Saya Belum Bisa Ikhlas

Foto: Arian K
341 dibaca

“Ketakutan saya selama ini terjawab, narapidana yang divonis seumur hidup pasti  mati sebelum waktunya”

“Dan sekarang dialami anak saya, dia masuk sehat keluar jadi mayat !”
“Saya belum ikhlas !”
“Ini sandiwara yang mereka buat !”

teknokra.co: Teriakan kekecewaan itu berasal dari Rosmala Dewi, ibunda dari Ari Novrizal seorang narapidana seumur hidup yang menghembuskan nafas terakhirnya di tahun ketiga masa penahananya.

Perempuan paruh baya tak habis pikir, mengapa pihak Rumah Sakit Abdoel Moelouk (RSAM) dan Lembaga Pemasyarakatan (Lapas) Kelas I Kecamatan Rajabasa berbuat tidak adil pada anaknya. Dia  sadar buah hatinya memang bersalah. Namun apakah salah seorang narapidana seumur hidup tak boleh hidup? Atau karena anaknya hanya pasien jaminan kesehatan masyarakat (Jamkesmas) maka tak boleh sehat?
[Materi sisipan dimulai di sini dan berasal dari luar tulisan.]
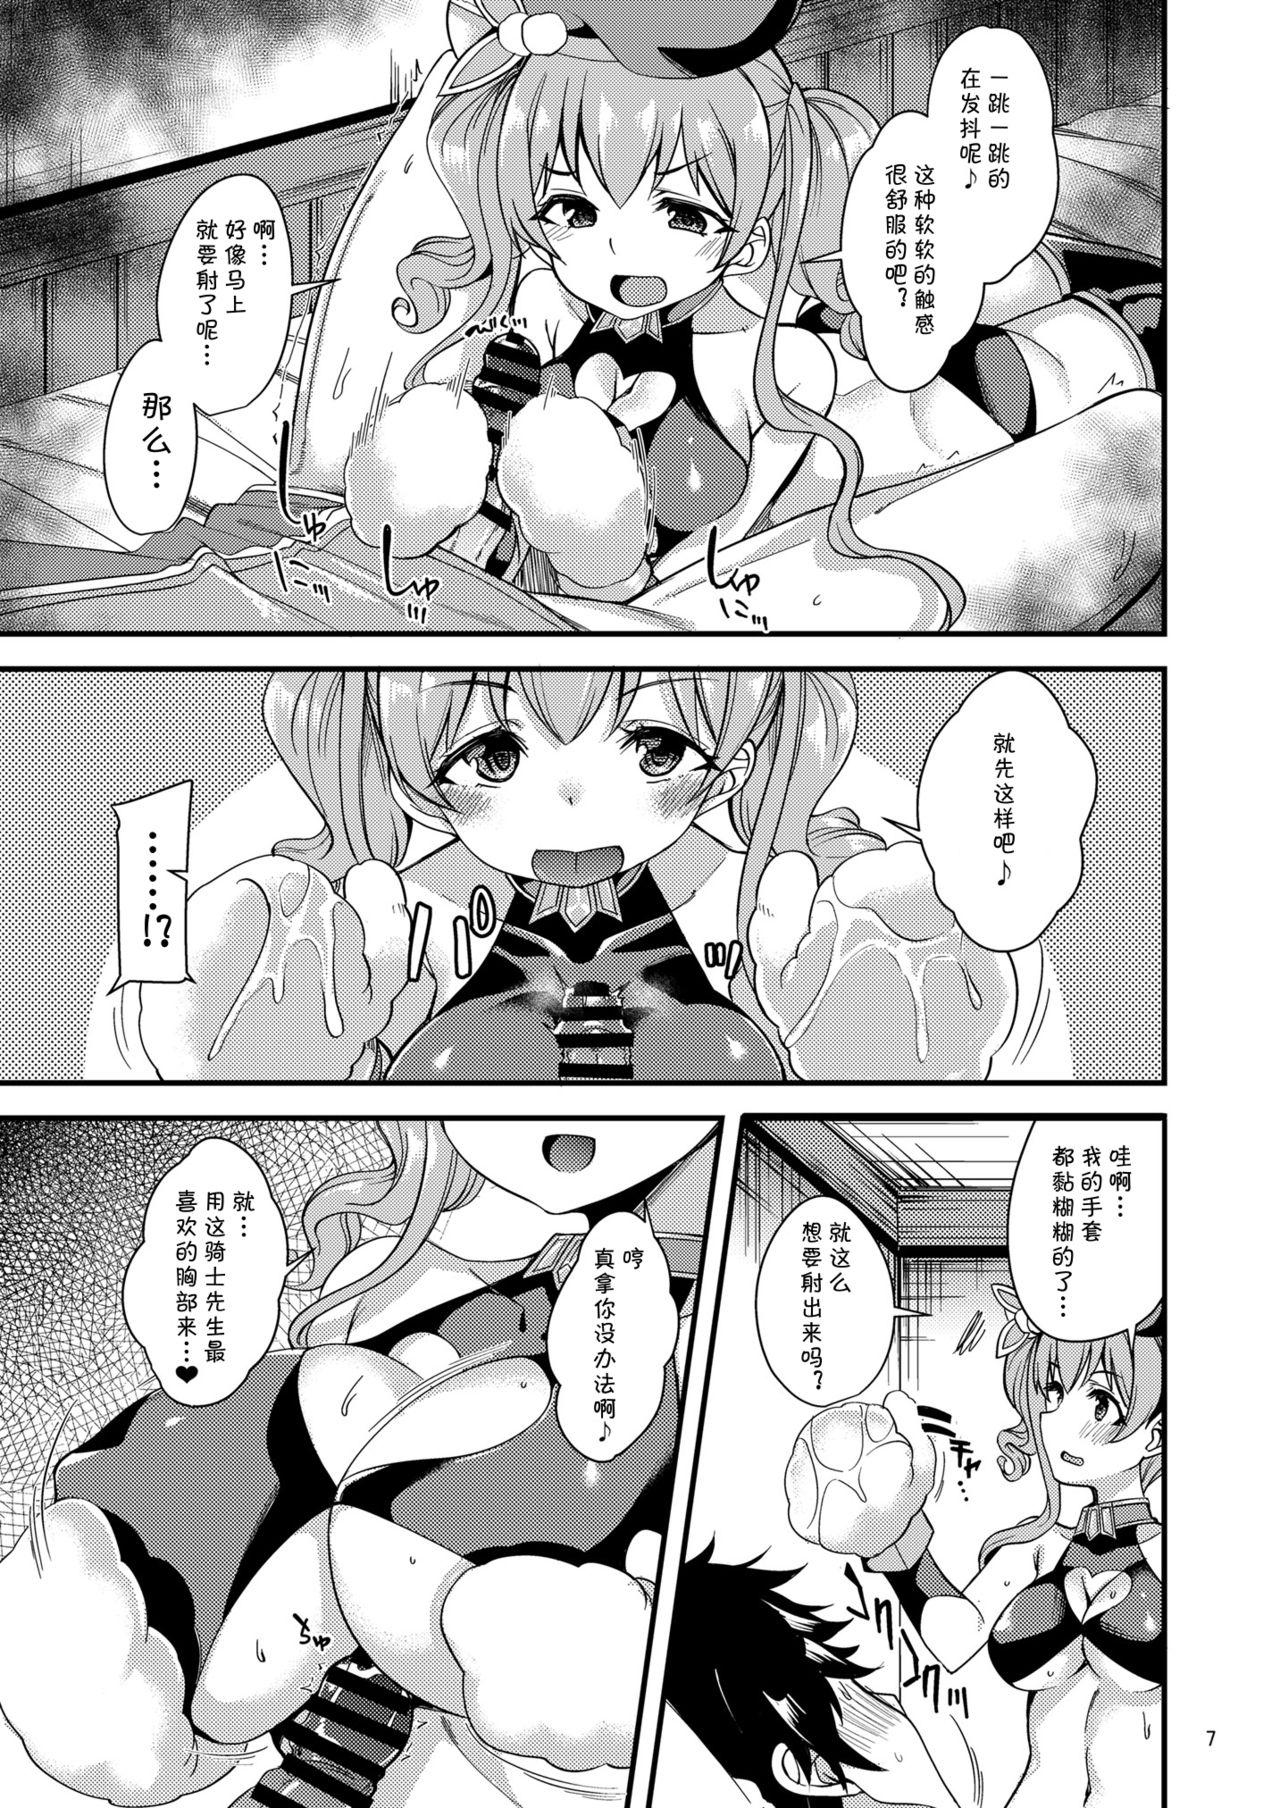 Dirty Tsumugi Make Heroine Move!! 04 - Princess connect Tiny - Page 8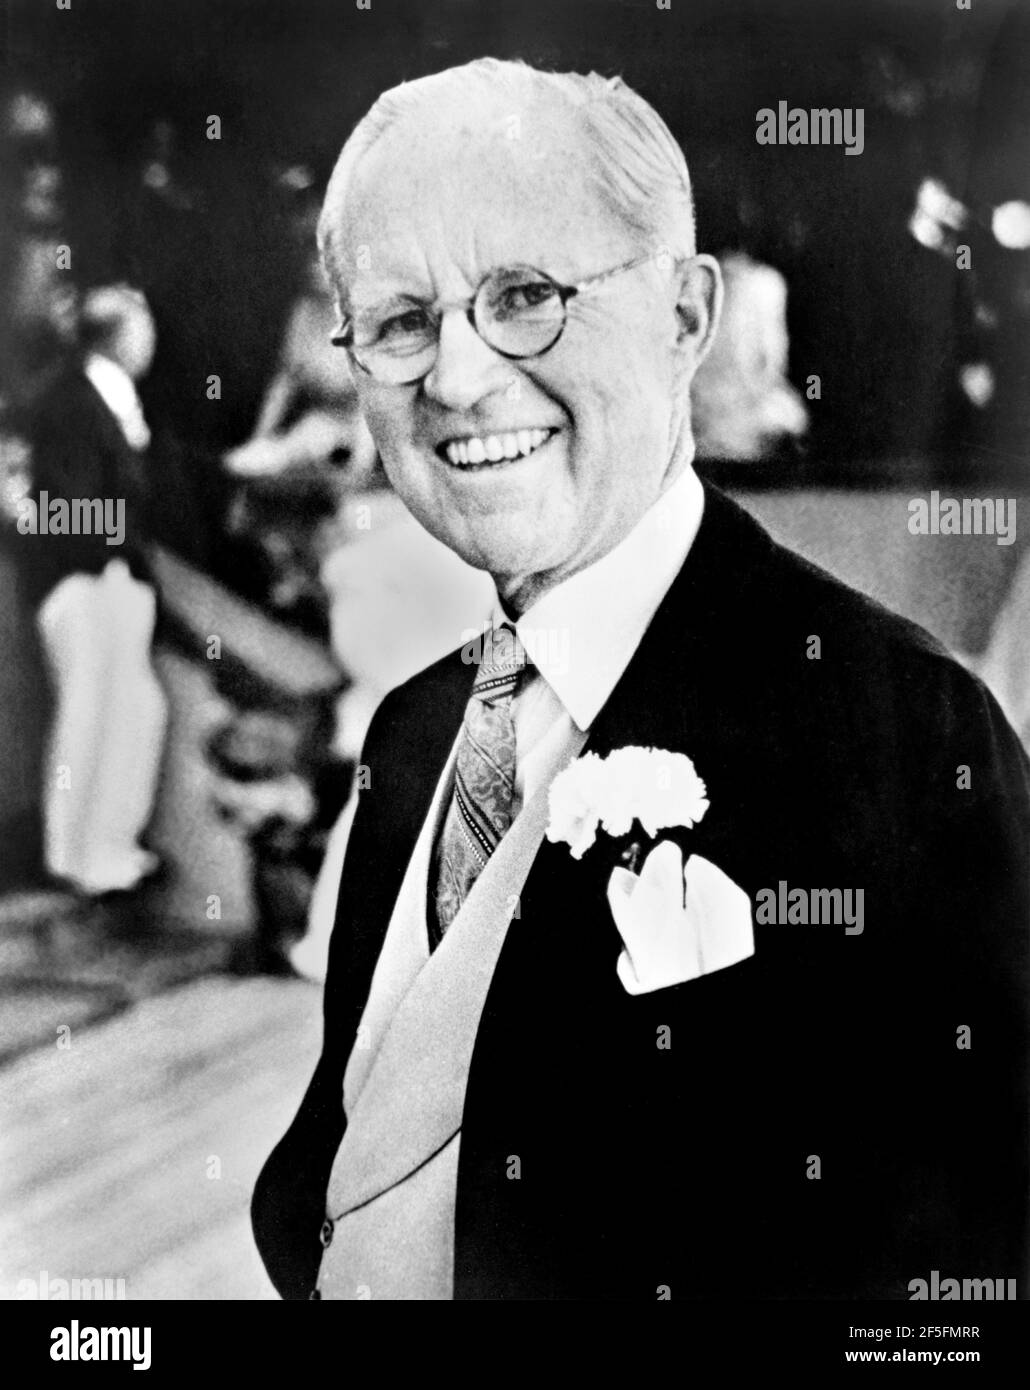 Joseph Kennedy. Ritratto dell'uomo d'affari e politico americano, Joseph Kennedy Sr. (1888-1969) di toni Frissell, 1953 Foto Stock

Teka-teki itu masih ada dipikirannya. Ia ingin menjawab teka-teki kematian Ari Novrizal atau akrab disapa Novi. Hingga kini berkas-berkas berobat hingga penahan Novi masih tersimpan rapi, bahkan beberapa obat dan foto tumor Novi  ia simpan. Bukan hanya untuk dikenang namun sebagai pemecah tanda tanya besar yang kini membebaninya.
Berawal dari benjolan sebesar bisul akibat timah panas yang masih tertancap di betis kiri Novi.  Empat timah panas yang menancap dikedua betis Novi  tiga tahun silam   ternyata tak semuanya dikeluarkan tim medis. Satu timah masih menancap.  Hingga kaki Novi membentuk benjolan seperti bisul . Yang kemudian berkembang menjadi Tumor Diregio Politea Sinistra.

Novi yang ditahan di Rutan Krui  Lampung Barat sejak tanggal 31 Maret 2009  akhirnya dipindahkan ke Lembaga Pemasyarakatan Kelas I di Kecamatan Rajabasa pada tanggal 25 Juni 2010. Tujuan pemindahan adalah memudahkan Novi untuk berobat ke  Rumah Sakit Abdoel Moelouk (RSAM).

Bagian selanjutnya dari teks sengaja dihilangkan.